• _Provided entries_:

-=-=-=-=-

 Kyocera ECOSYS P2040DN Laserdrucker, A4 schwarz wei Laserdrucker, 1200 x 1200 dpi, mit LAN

-=-=-=-=-

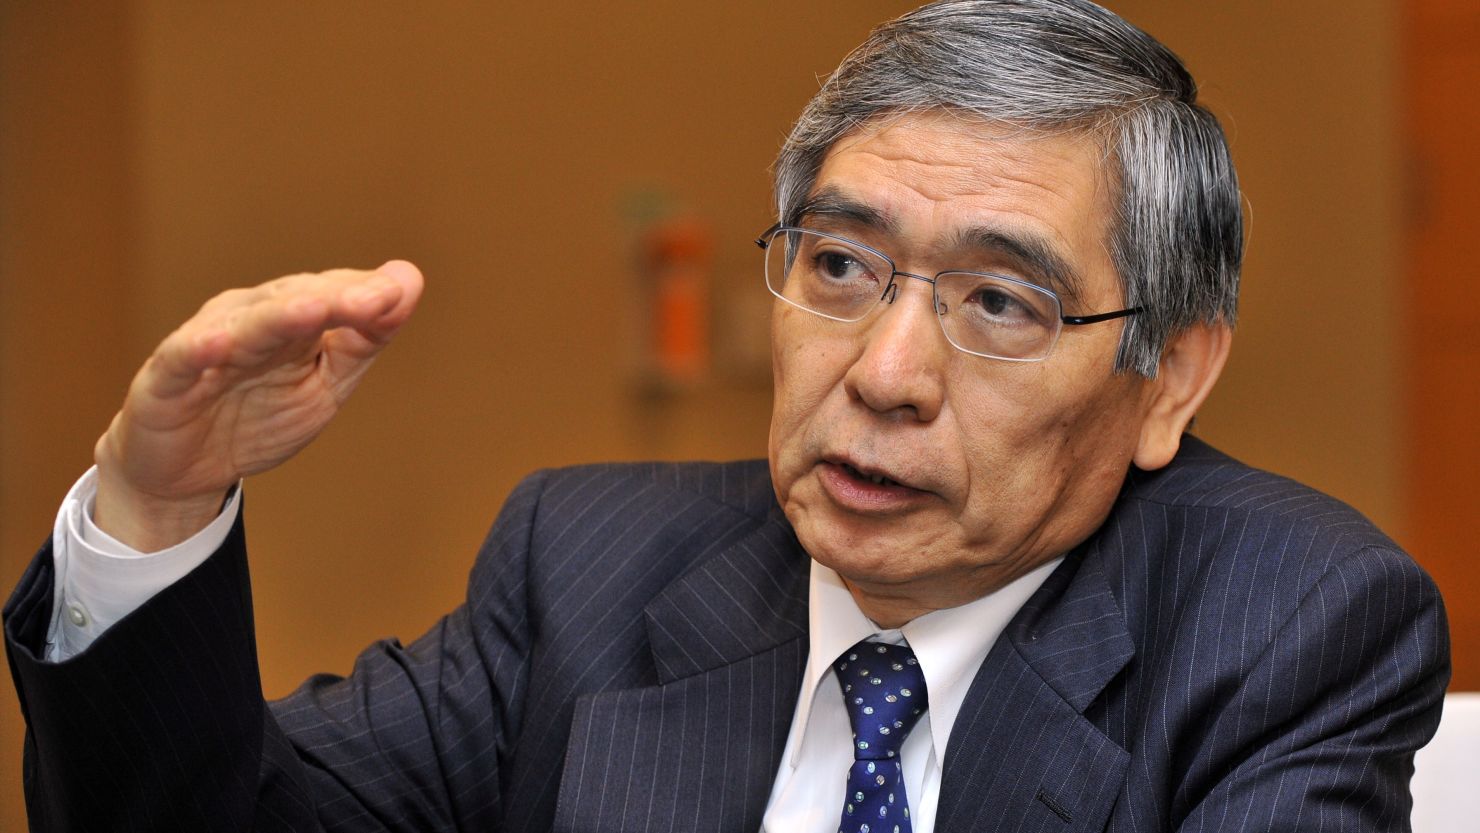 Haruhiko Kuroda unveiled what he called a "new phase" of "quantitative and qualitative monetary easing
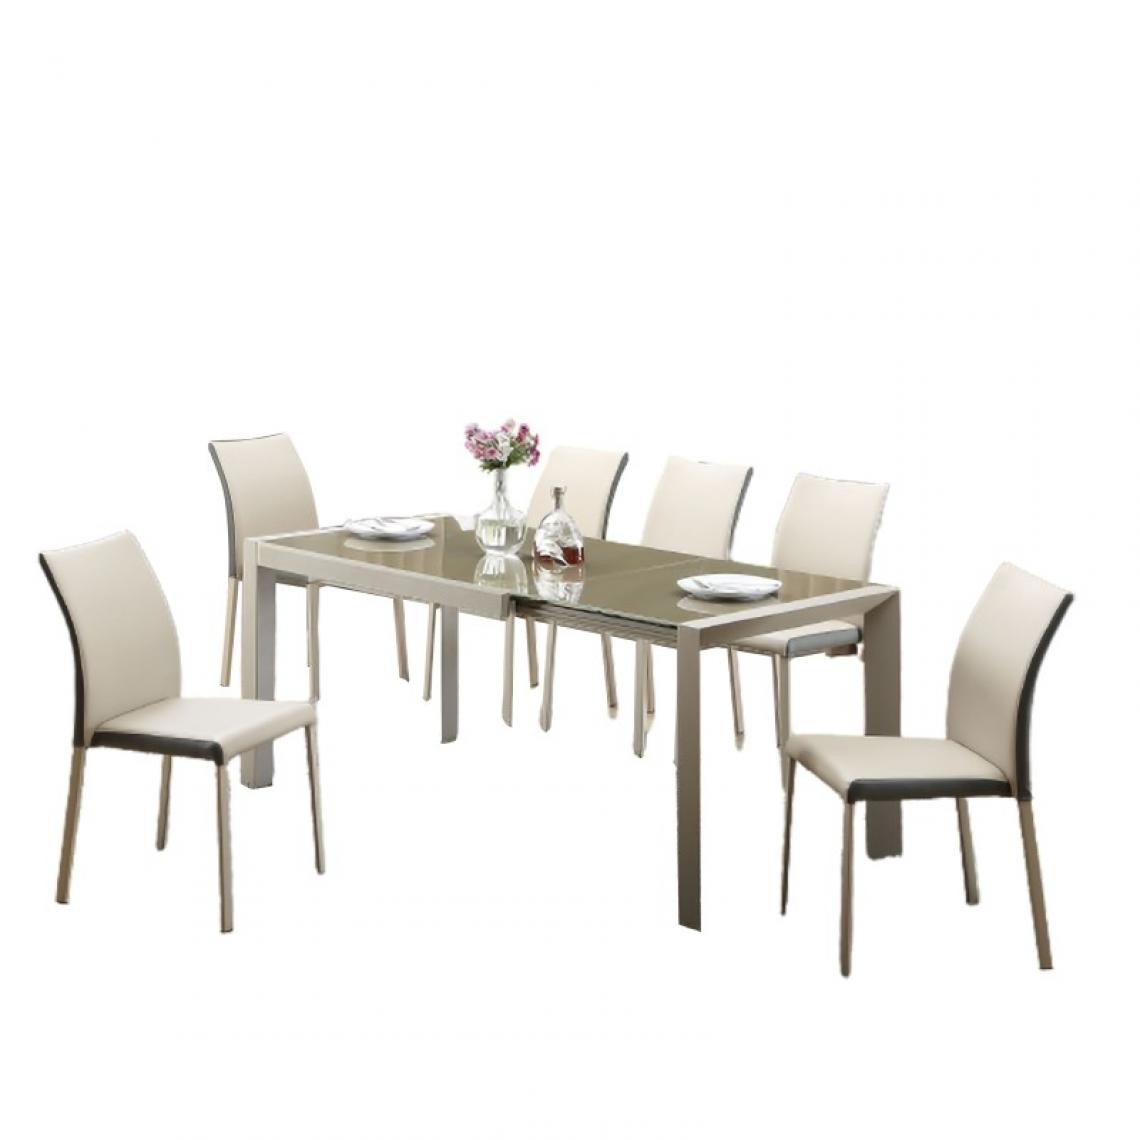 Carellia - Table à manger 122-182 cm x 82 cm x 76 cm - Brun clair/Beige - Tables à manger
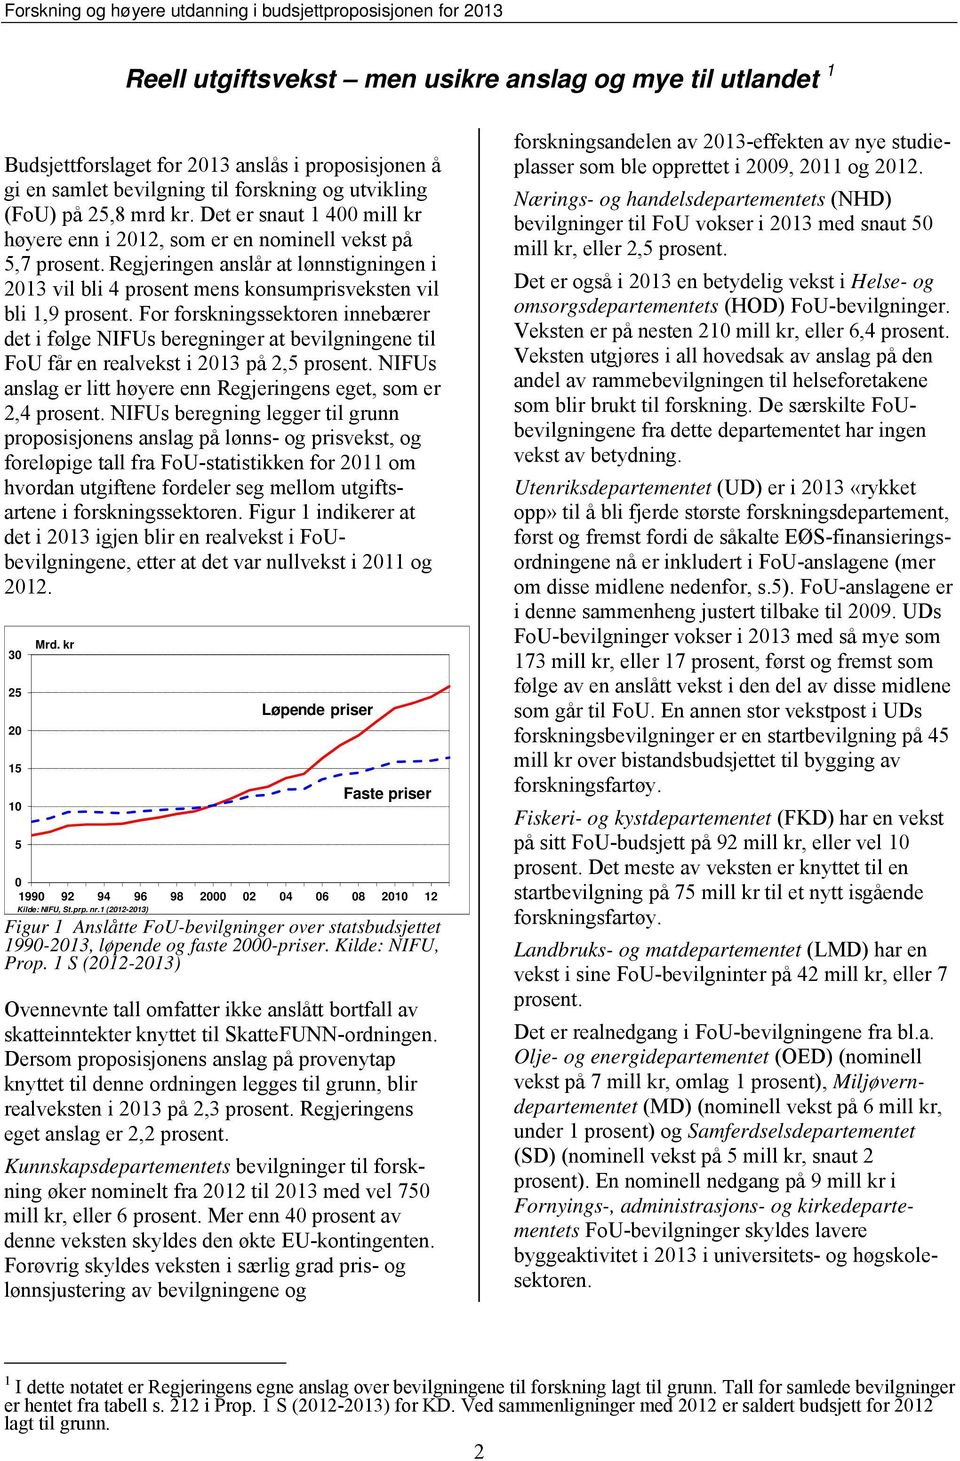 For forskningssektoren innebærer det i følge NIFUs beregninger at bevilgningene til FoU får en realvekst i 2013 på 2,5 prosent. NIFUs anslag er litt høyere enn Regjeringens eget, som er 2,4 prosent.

-=-=-=-=-

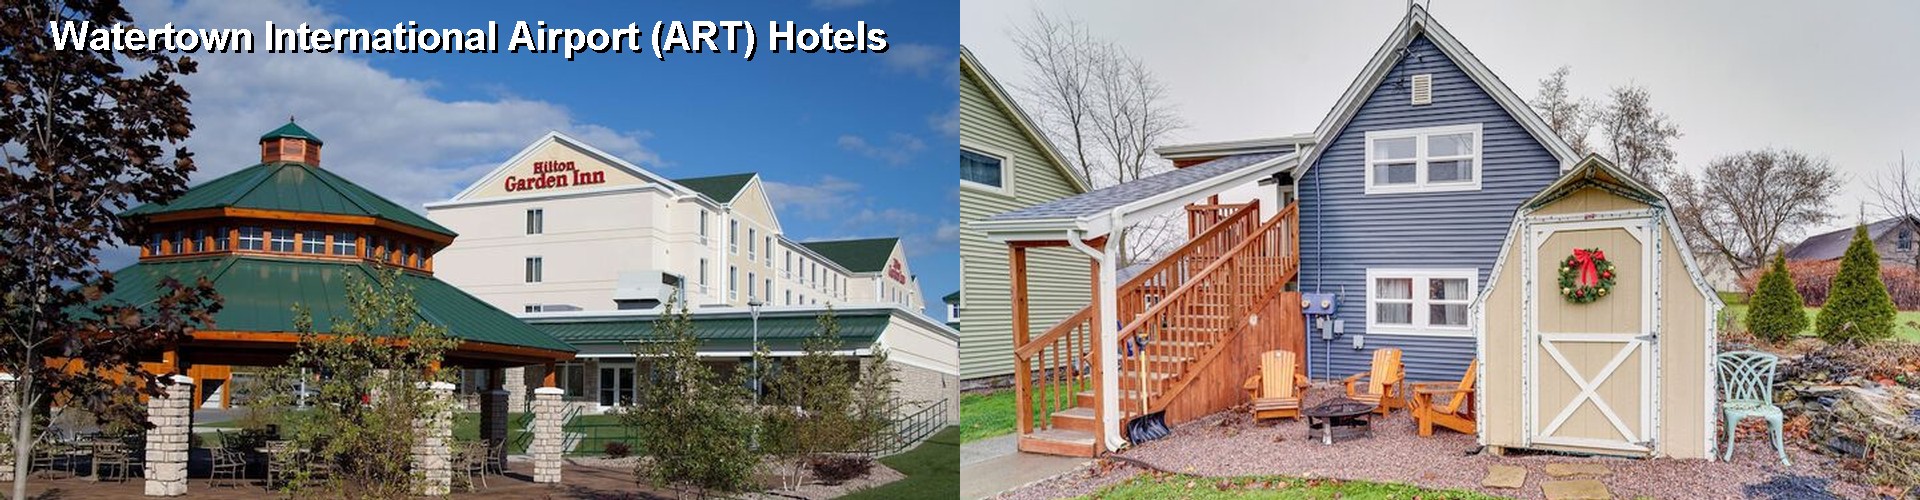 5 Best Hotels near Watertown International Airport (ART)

-=-=-=-=-

• _Assignment_:
Set down word for word the lines above from the one with "Haruhiko Kuroda unveiled" up to and including the one with "Carellia - Table". Omit every picture.

• _Your solution_:
 Haruhiko Kuroda unveiled what he called a "new phase" of "quantitative and qualitative monetary easing
 Carellia - Table à manger 122-182 cm x 82 cm x 76 cm - Brun clair/Beige - Tables à manger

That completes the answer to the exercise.